Lines B. (A) Sixty-nine-year-old male. Thoracic ultrasound shows irregularity in the echogenic pleural line that is interrupted due to lung mass with pleural extension. The numerous lines B (arrows) are due to the fact that ultrasonic waves are transmitted through the pathological interstitium. Its presence discards pneumothorax. (B) Forty-eight-year-old woman with known affectation of lung interstitium in whom we can see multiple lines B (arrows) secondary to the presence of interstitial liquid. Because they are born from the surface of visceral pleura the importance of lines B is that its presence indicates the expansion of the lung.

(0.22MB).
Lung point

It is the point where visceral and parietal pleural leaves separate. It is a dynamic image like the sign of lung sliding that contains findings of well-aired lung and pneumothorax (Fig. 5 and video 4).14 To find the lung point the transducer slowly slides into the inferior-lateral portion of the thorax (Fig. 6 and video 5). Medially the lung sliding will be absent in the area of pneumothorax. More laterally there will be lung sliding where the visceral and parietal pleural leaves are still in contact. Lung point will be identified as the intermediate point where lung sliding will be visualized intermittently given that with the respiratory movement the collapsed lung intermittently slides into the area of pneumothorax.
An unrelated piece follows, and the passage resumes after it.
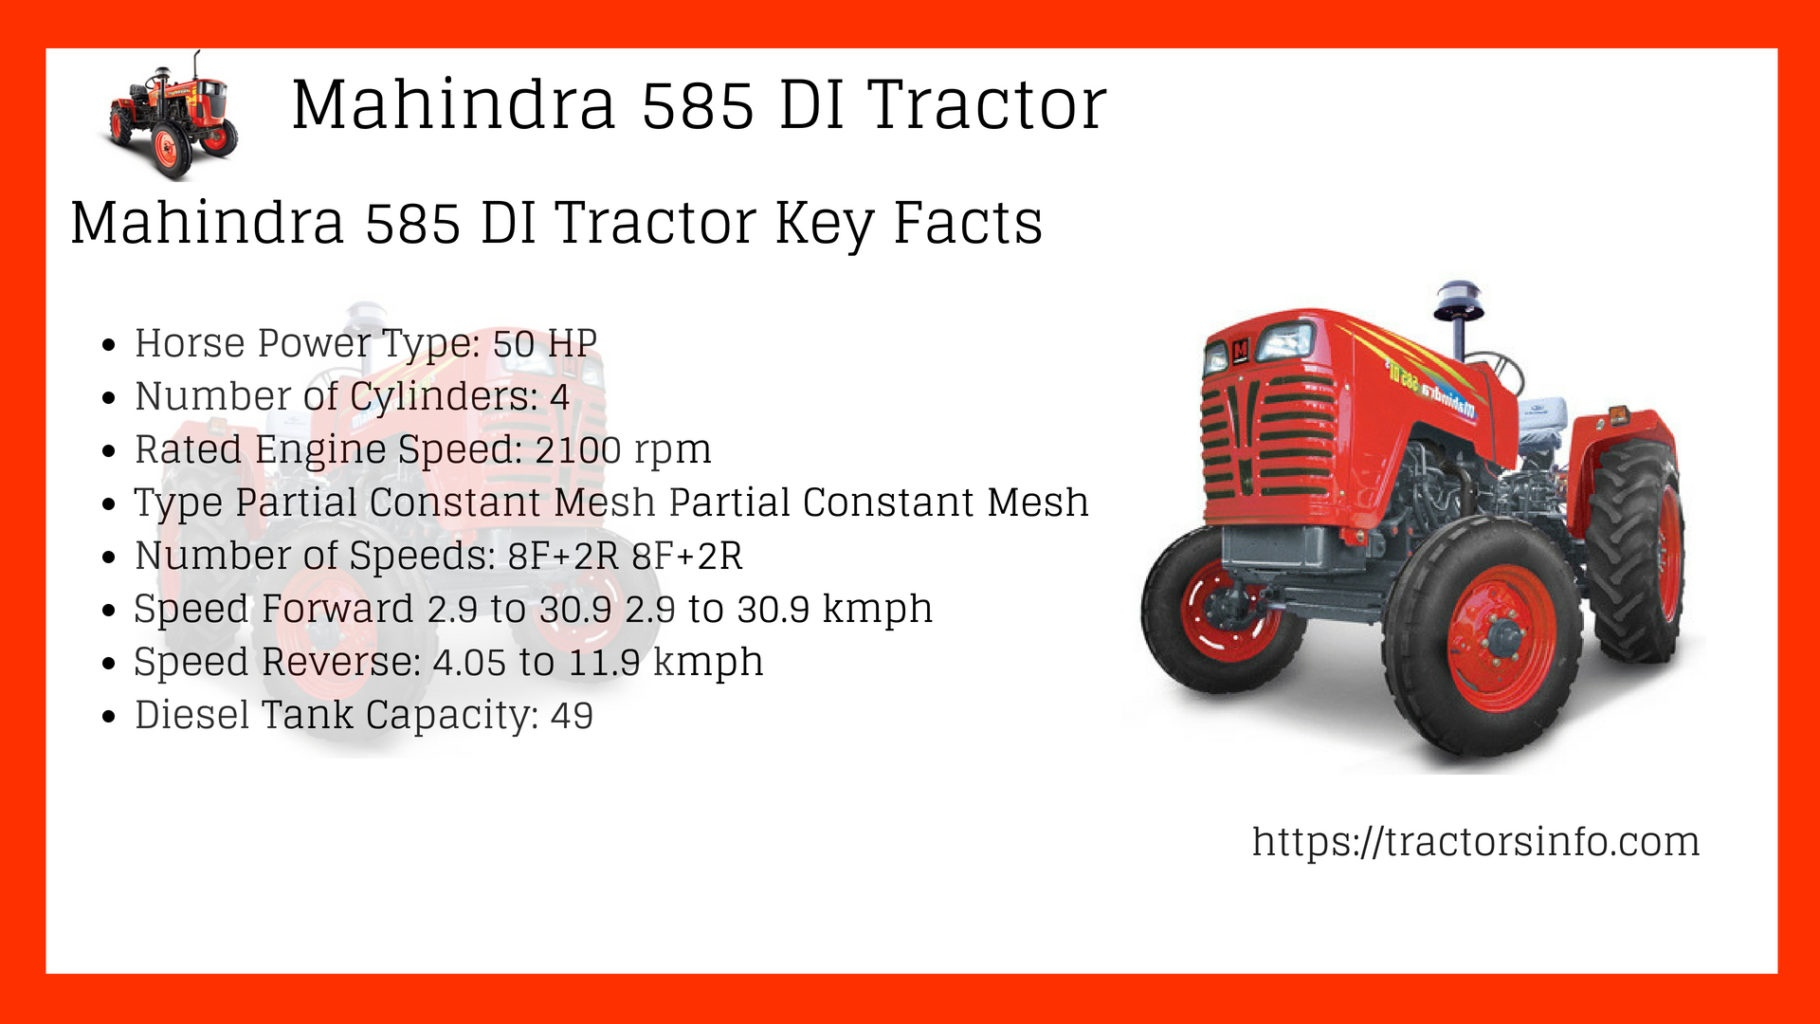 Mahindra-585-DI-Tractor

We must remember that the sign confirms the presence of pneumothorax14,15 and it can also be used to evaluate its importance. The more lateral and inferior the lung point is to the thoracic wall the bigger it is. One very posterior or absent lung point suggests a massive pneumothorax with complete lung actelectasis14 and predicts the need for implanting a tube for pleural drainage.16,17

Figure 5.

Lung point. Seventy-two-year-old male who had previously undergone a lung biopsy due to the presence of a mass in his left lung. The ultrasound 3h after puncture shows the lung point (arrow) through an intercostal space (asterisk: ribs) confirming pneumothorax. The limit between the well-aired lung and the pneumothorax (lung point) can be seen as a disruption of pleural line (arrow head)–which in turn seems irregular and thickened.

(0.1MB).
Figure 6.

Location of lung point. CT-image of a polytraumatized patient with a large right pneumothorax and a small anterior and left posterior pneumothoraces. The arrows show the theoretical movement of the ultrasound probe toward the thoracic lateral wall in search for the lung point. The long arrows are showing the lung point in the lateral thoracic wall while predicting the extension of pneumothorax. Note the subcutaneous left emphysema that could prevent or complicate an adequate ultrasound access.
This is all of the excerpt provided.